Tackling the variables

There are a variety of variables for the carriers. One is the age of policyholders, which Jette says is dropping from the late 50s to the mid 40s. That means they could be on the books for decades, multiple decades. Factor in compound inflation requirements and the carriers will have to build a mountain of reserves.

"I would say more than half of my people who bought LTC bought lifetime coverage," Jette says. "If someone goes on claims at 40 years of age, you only need a couple of those to really mess up your books."

That, says Jette, is also driving a change from per-day benefits to pool limits. Instead of $200 a day for life, a buyer might opt for $500,000 in total benefits.

Two for one

Another front in the change assault confronting both seasoned and novice LTC advisers is hybrid products.

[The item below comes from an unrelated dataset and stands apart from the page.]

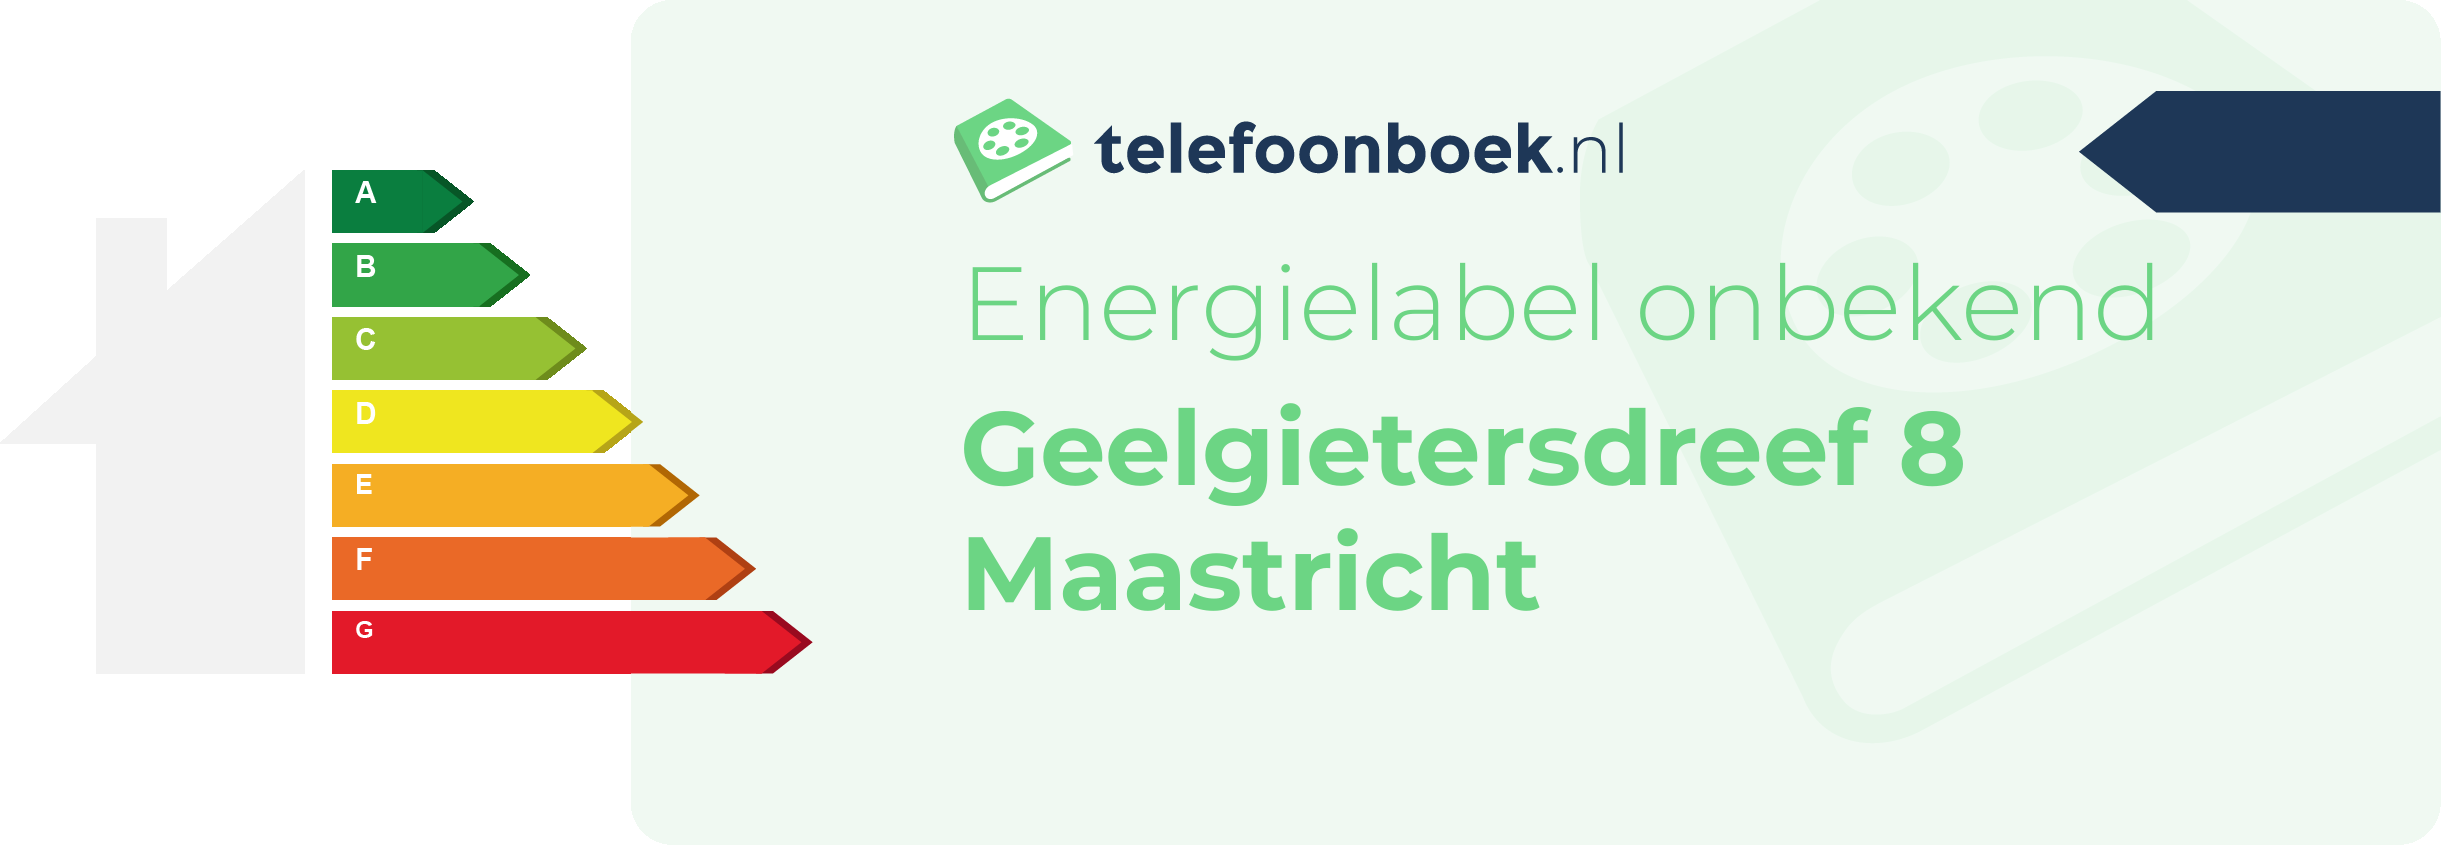 Energielabel Geelgietersdreef 8 Maastricht

The PPA has some in the industry pairing LTC and life insurance or LTC and annuities. The benefit? One buying decision for a multitude of products. The drawback?

"You are taking an already complicated product and making it more complicated and more expensive by trying to achieve multiple objectives," Hillelsohn says.

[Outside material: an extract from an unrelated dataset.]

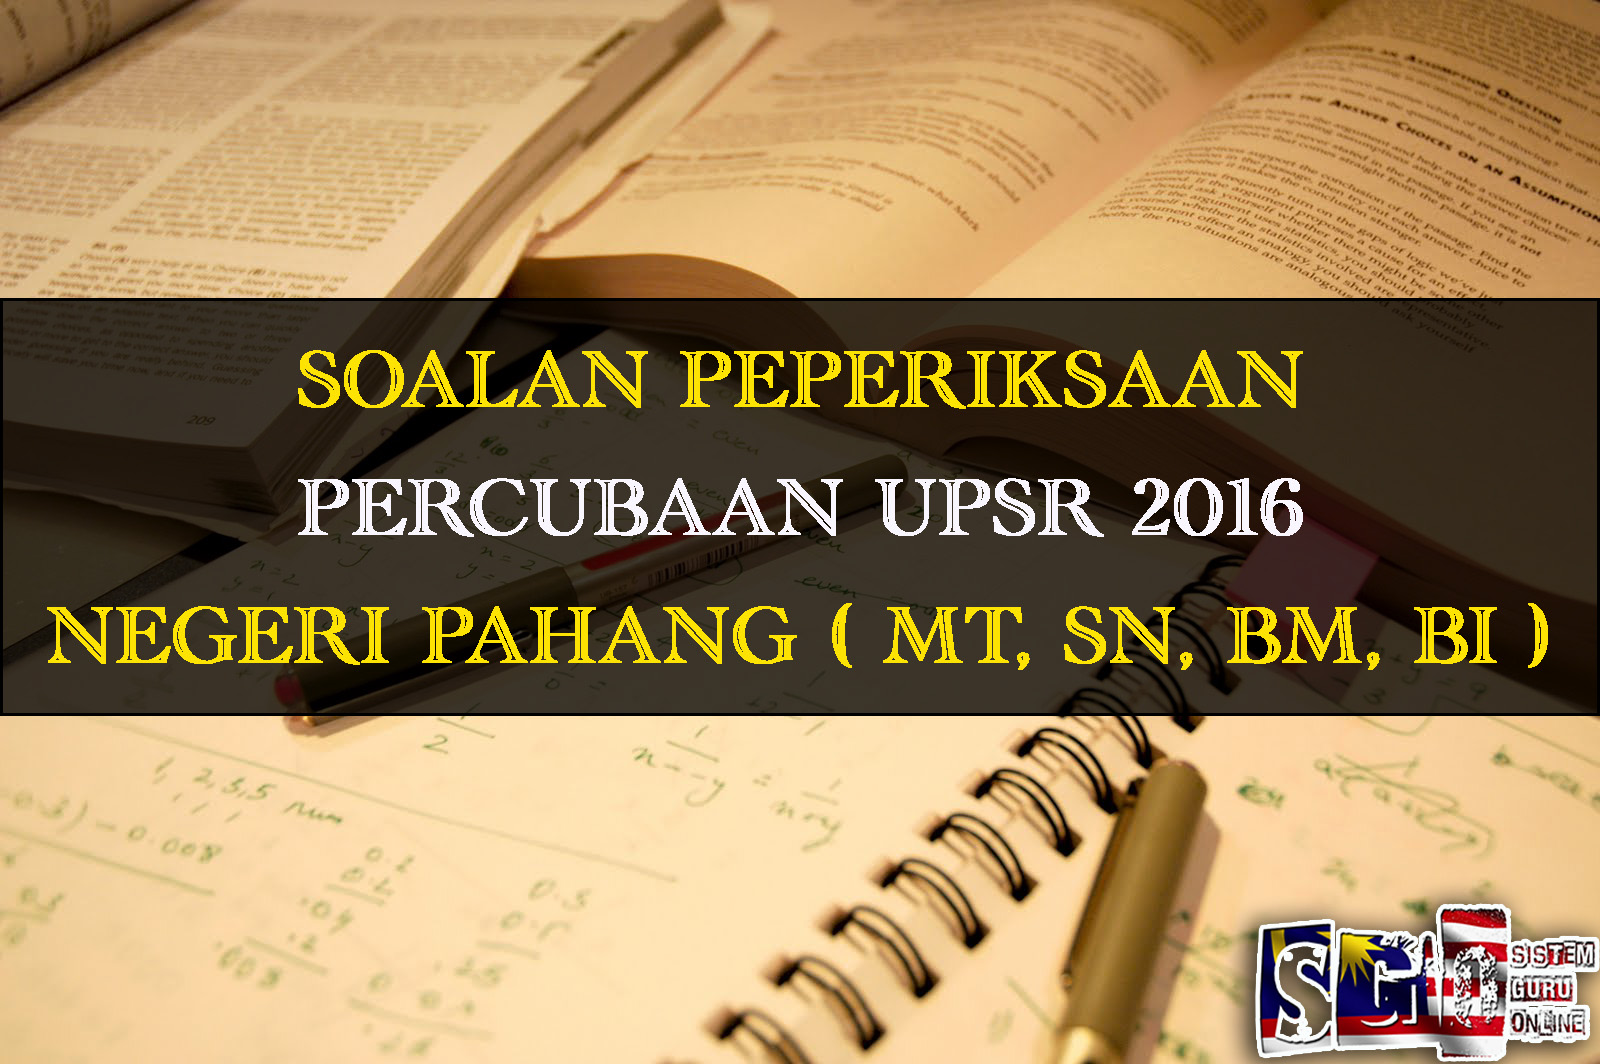 Soalan Percubaan UPSR 2016 Negeri Pahang Subjek Matematik

Ultimately, this move will help financial advisers and hurt the benefits professional. Why? Financial advisers are geared toward wealthier clients and more sophisticated products and programs.

Hillelsohn says carriers are skeptical about taking these programs to the American worker's break room.

"In fact, the carriers have those products right know and we've had employers asking for them and the carriers are not convinced that those products are suited for the worksite. To the point where they don't even want to quote them an offer, even if the employer's demanding it," Hillelsohn says.